▶ [Task instructions]: Skip the pictures, and retype the data below in full, exactly.

=== Data ===

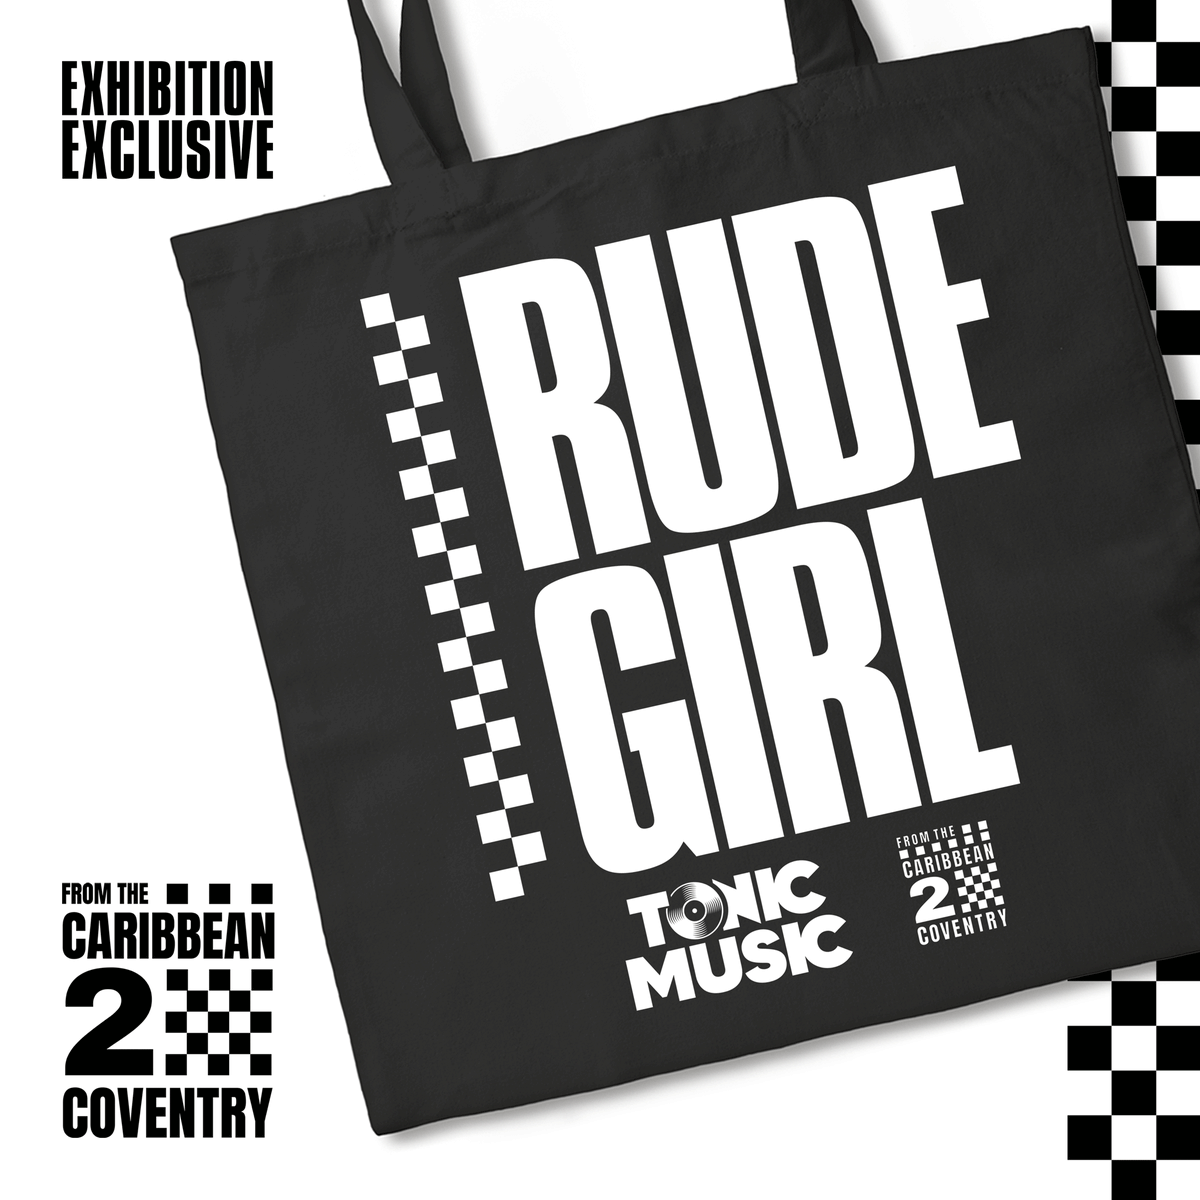 When heading to the amazing @FromTheCar2Cov exhibition at the Barbican, be sure to purchase a limited edition Tote Bag - all proceeds go towards helping fund training and support for people experiencing poor mental health. #MentalHealth #Music #Tonic #2Tone
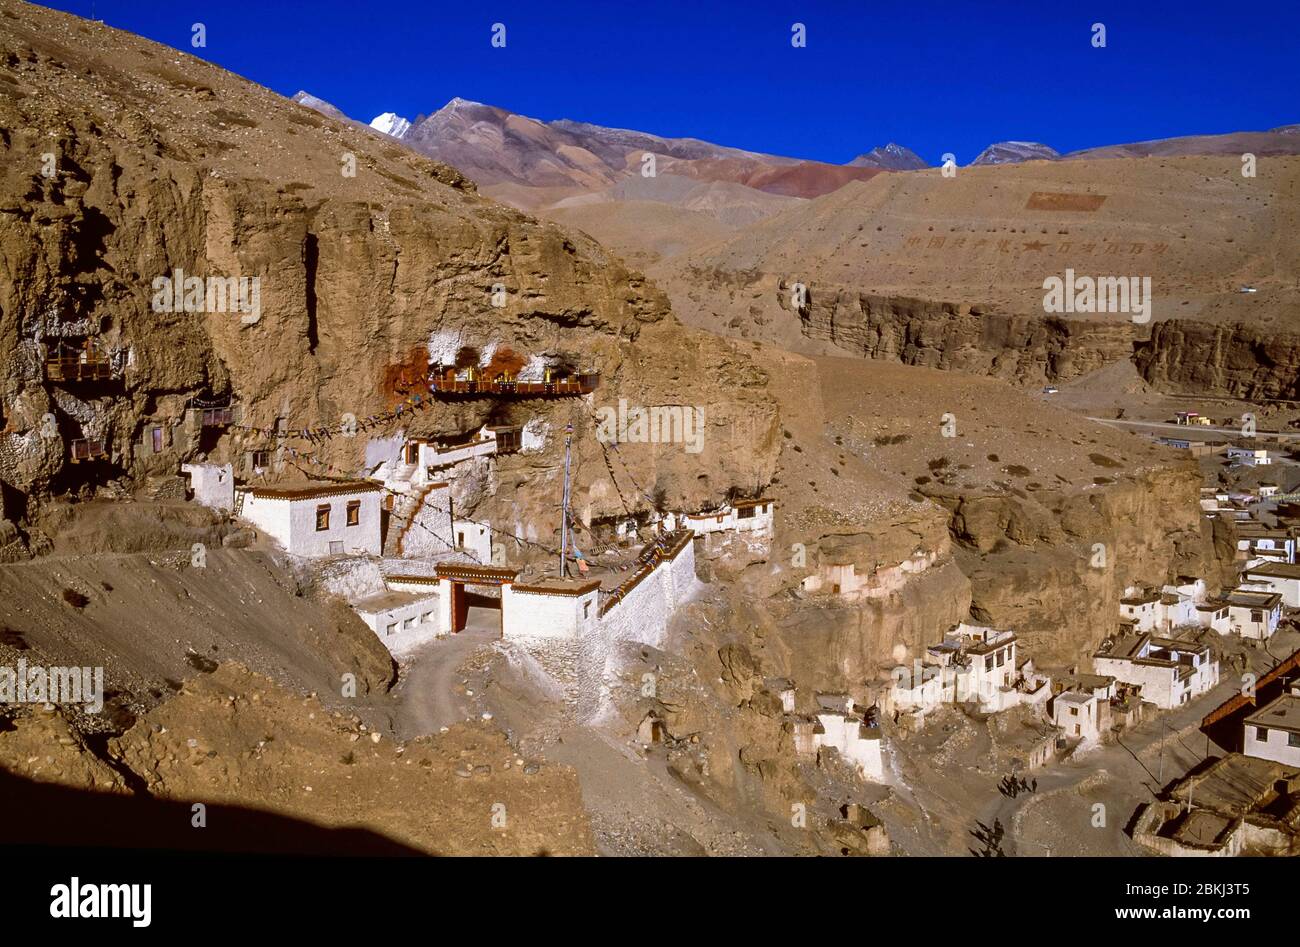 China, western Tibet, Ngari province, Ali Shiquane, Kingdoms of Guge, Zhanzhung culture, Purang or Taklakot, Tsegu rock monastery, literally the nine-story temple, dominating the cave dwellings of the ancient caravan city at the crossroads of trade routes between Tibet, China, India and Nepal Stock Photo
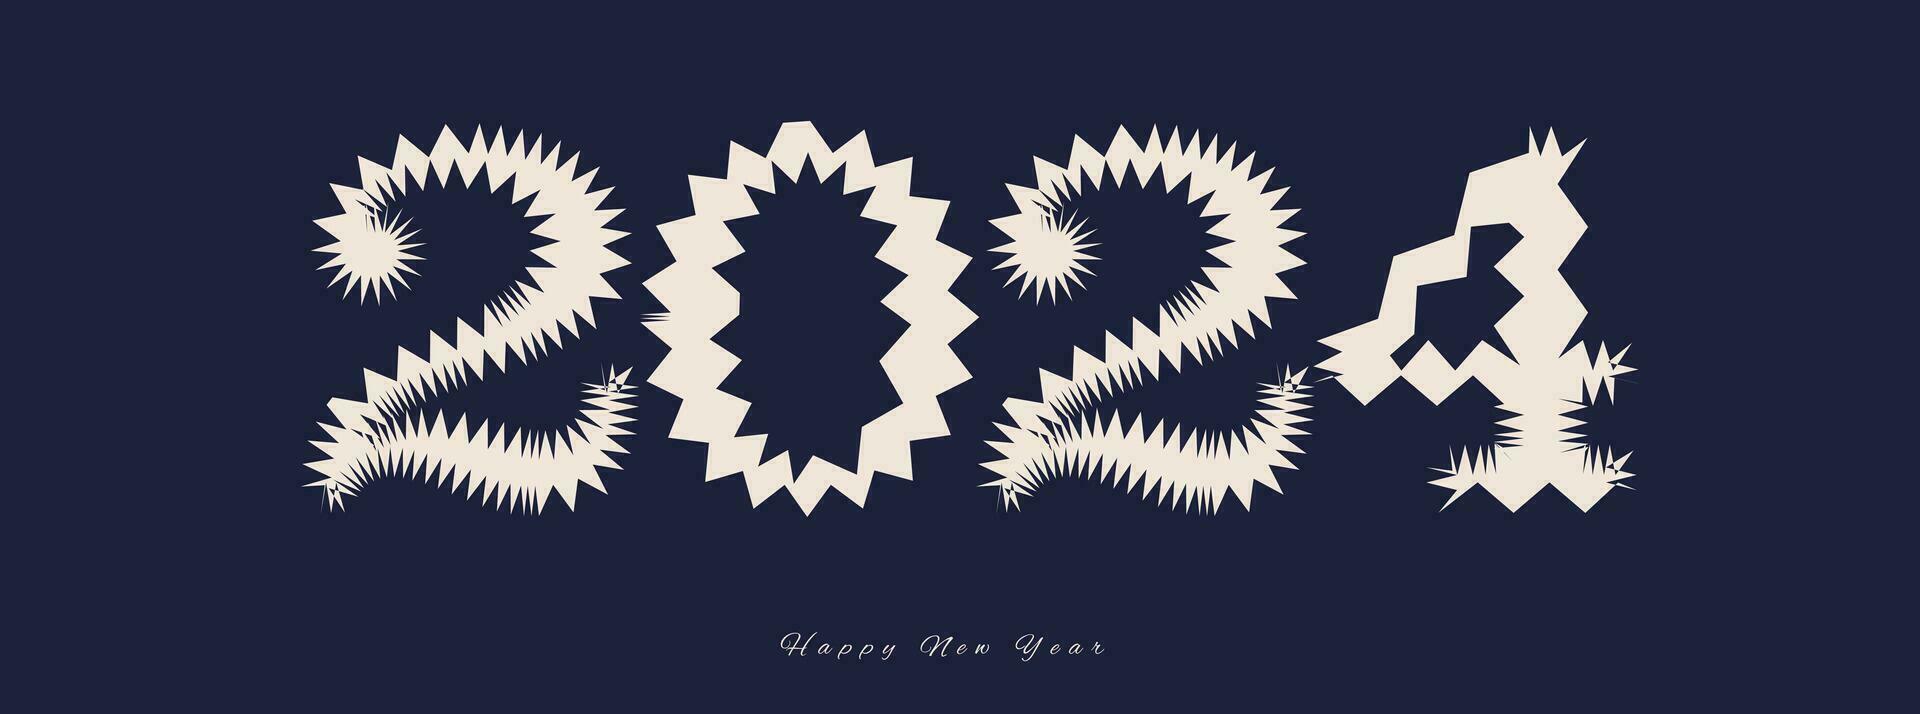 Decorated Happy New Year 2024 Design .Premium Trend Vector Illustration For Banner, T Shirt, Poster, Calendar And Invitation Cards. Happy New Year 2024.

===

▶ [Solution for this task]:
 When heading to the amazing @FromTheCar2Cov exhibition at the Barbican, be sure to purchase a limited edition Tote Bag - all proceeds go towards helping fund training and support for people experiencing poor mental health. #MentalHealth #Music #Tonic #2Tone
 China, western Tibet, Ngari province, Ali Shiquane, Kingdoms of Guge, Zhanzhung culture, Purang or Taklakot, Tsegu rock monastery, literally the nine-story temple, dominating the cave dwellings of the ancient caravan city at the crossroads of trade routes between Tibet, China, India and Nepal Stock Photo
 Decorated Happy New Year 2024 Design .Premium Trend Vector Illustration For Banner, T Shirt, Poster, Calendar And Invitation Cards. Happy New Year 2024.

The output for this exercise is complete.